The LEGACy study is an extensive epidemiologic and translational study in GC that is conducted in an EU-LATAM partnership. Our study will provide novel, detailed and comparable data on epidemiological and biological features of GC. The LEGACy project will generate comprehensive data that could complement the limited information on advanced GC, the biological role of anatomic location of the tumor and balance the underrepresentation of GC patients from EU and LATAM countries in large molecular studies. Furthermore, this study also provides knowledge on risk factors that could help to enhance prevention of gastric cancer. The limitations of our study are: 1) data are obtained at multiple sites and therefore SOPs need to be followed precisely; 2) our study includes four EU countries and four LATAM countries, so caution should be taken in extrapolating data to other EU and LATAM areas not included in the study. Even though multiple handbooks, standard operation procedures, protocols and trainings are in place to guarantee correct subject/sample processing and to assure comparable quality of samples, minimizing data heterogeneity will be an ongoing focus of attention.
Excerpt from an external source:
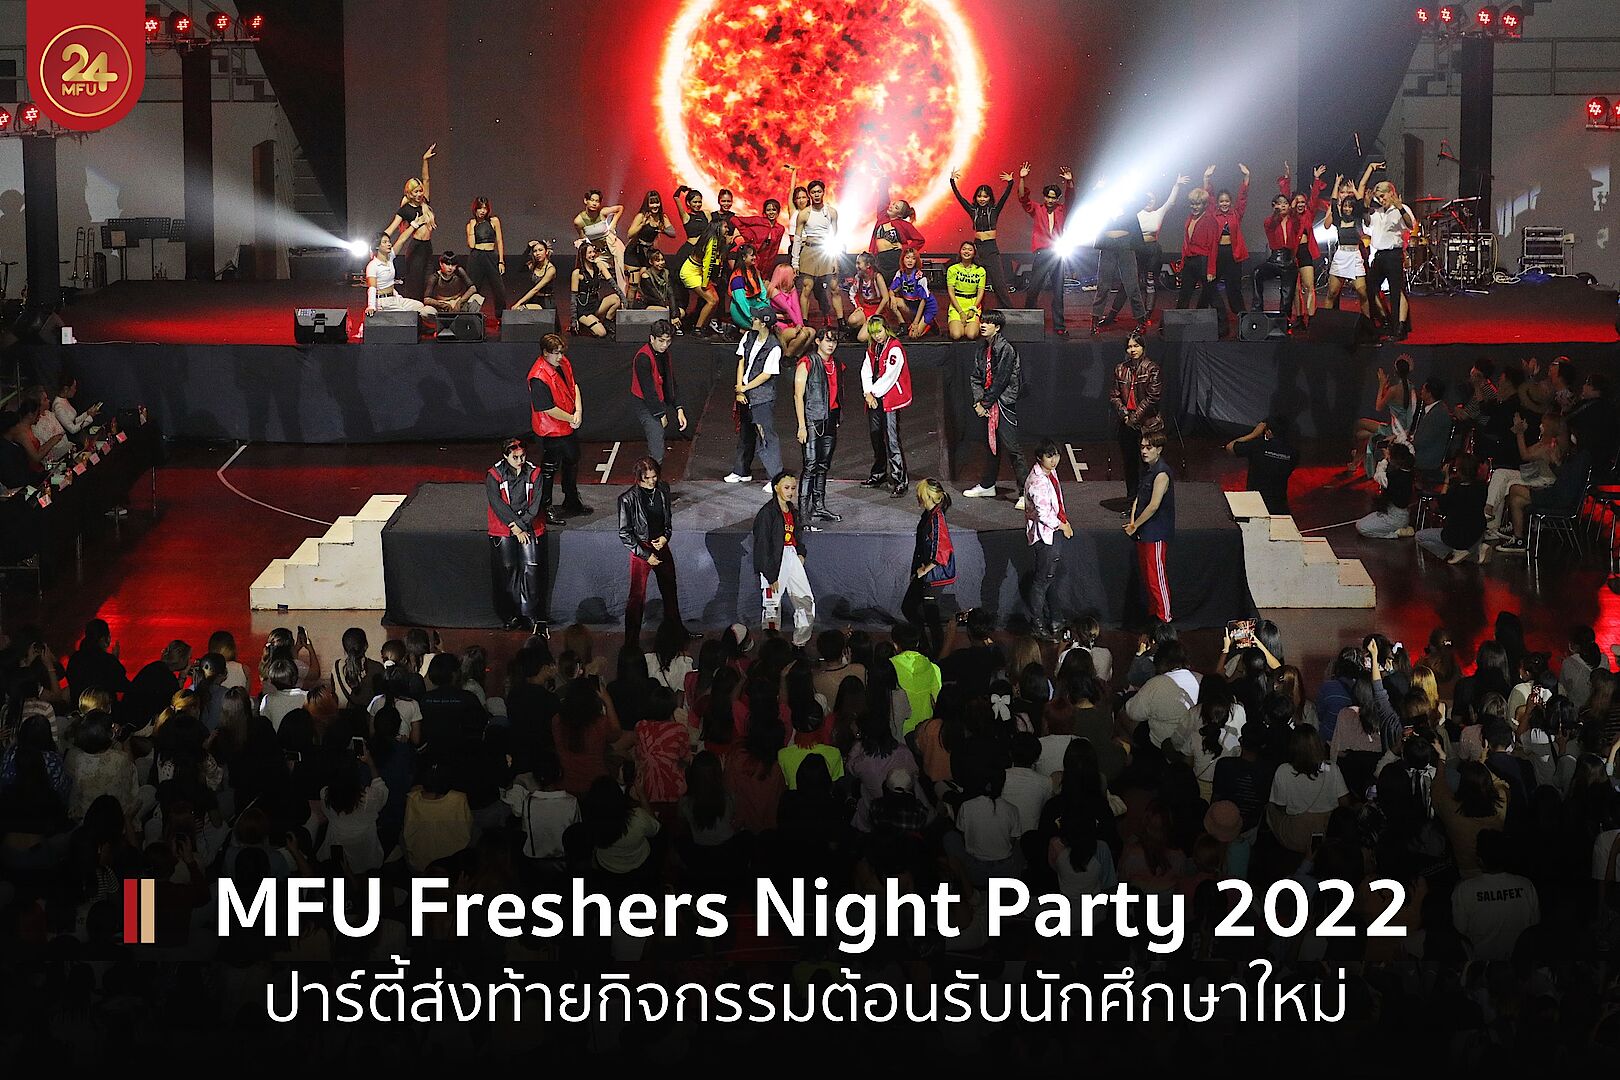 MFU Freshers Night Party 2022 ปาร์ตี้ส่งท้ายต้อนรับนักศึกษาใหม่ พร้อมเฟ้นหา The Pride of MFU

Despite the extensive character of this study, the techniques used in the training cohort have shown to be feasible as have resulted in good quality data of all multi-omics techniques of almost all samples that have been processed so far. With this ambitious project we attempt to provide better understanding of clinicopathological details, molecular features and risk factors and develop important collaborative infrastructures which is crucial in our global attempt to provide precision medicine to patients with GC.